« Ah çà, me direz-vous, amis lecteurs, après avoir lu cette authentique histoire, c’est la Dame Blanche d’Avenel que vous nous racontez là, terminée par un phénomène naturel comme dans le Tour du Monde en quatre-vingt jours ou Michel Strogoff, de Jules Verne.

Non, chers lecteurs, notre récit véridique n’a rien de commun avec la Dame Blanche, attendu que le peu gracieux fantôme dont il est question a été affronté non par un élégant officier du roi, mais par un modeste savant. Quant au phénomène naturel, nous convenons de bonne grâce qu’il n’eût pas été déplacé sous la plume de l’auteur de Vingt mille lieues sous la mer. [sic]

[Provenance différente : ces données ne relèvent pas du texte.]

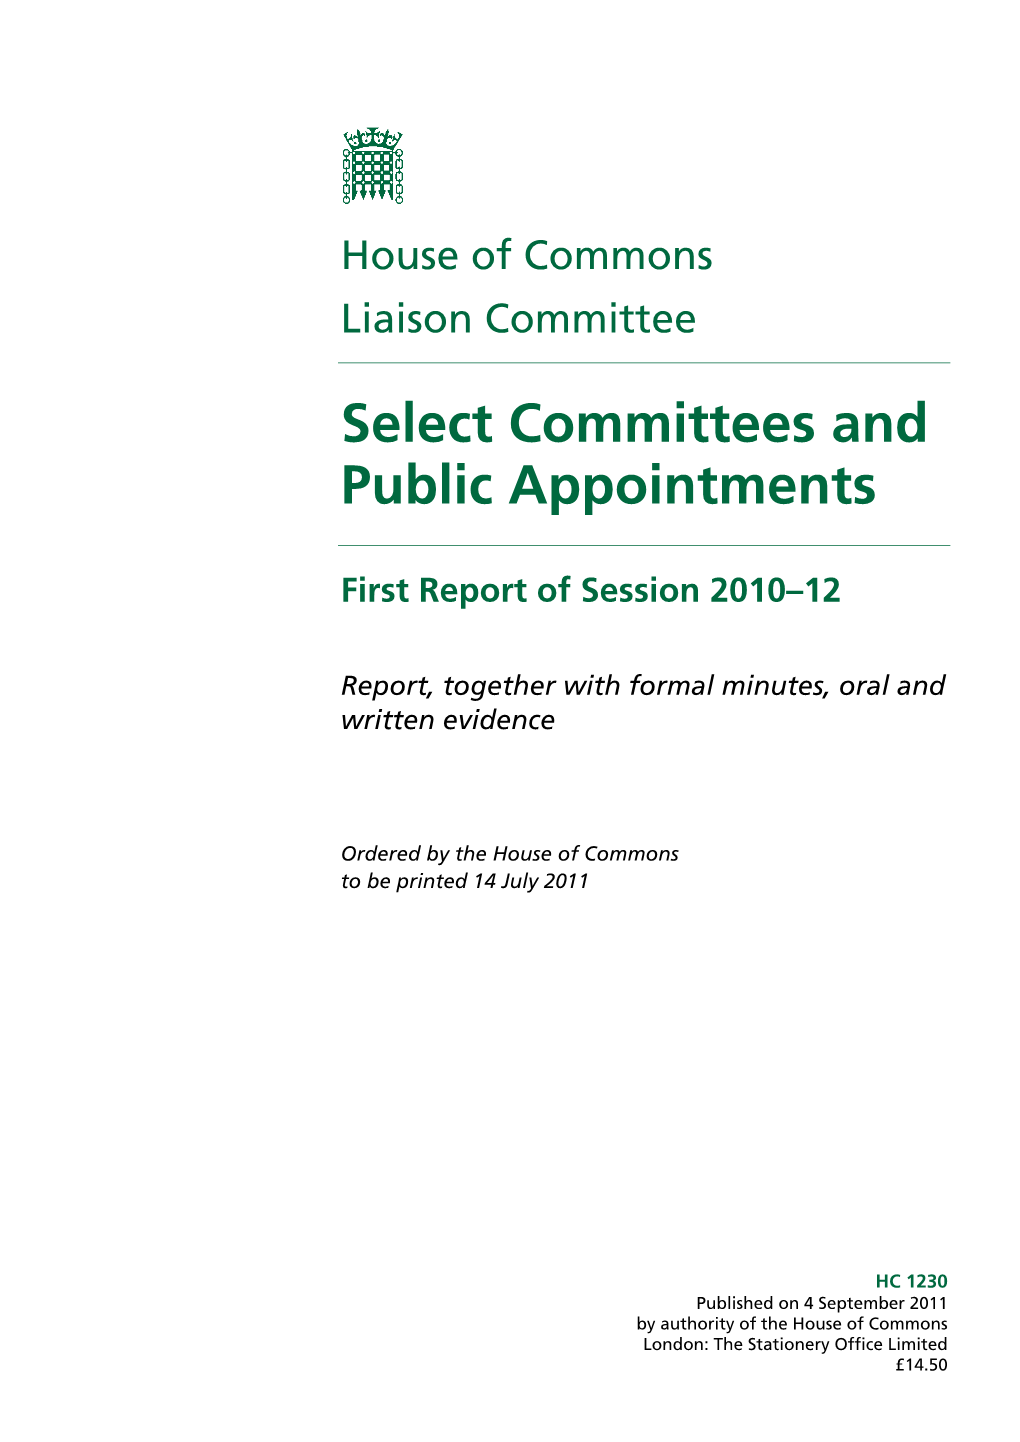 Select Committees and Public Appointments

Ceci dit, prêtez moi un peu de bienveillante attention.

Le conducteur de la diligence qui, les mardi et samedi, partait de l’hôtel de la Mule Blanche à Avignon pour Pertuis, faisait un beau matin du mois d’août 1861 l’appel de ses voyageurs, lorsque deux de ceux-ci s’écriaient :

« Tiens, M. Dubert !

– Comment ? c’est vous, père Barbouchard !

– Alors, nous allons faire route ensemble. »

C’étaient M. Charles Dubert, jeune professeur de physique et de chimie au Lycée d’Avignon, créé en vertu d’un décret du 30 fructidor an XI (16 septembre 1803) et solennellement inauguré le 17 janvier 1810.

Âgé d’une trentaine d’années, et très estimé, il se rendait à Pertuis où il avait des parents, afin d’y passer ses vacances. Son interlocuteur, Athanase Barboux, dit Barbouchard, âgé de plus de cinquante ans, et clairon retraité du 7e léger, était garde-champêtre dans la localité susdite.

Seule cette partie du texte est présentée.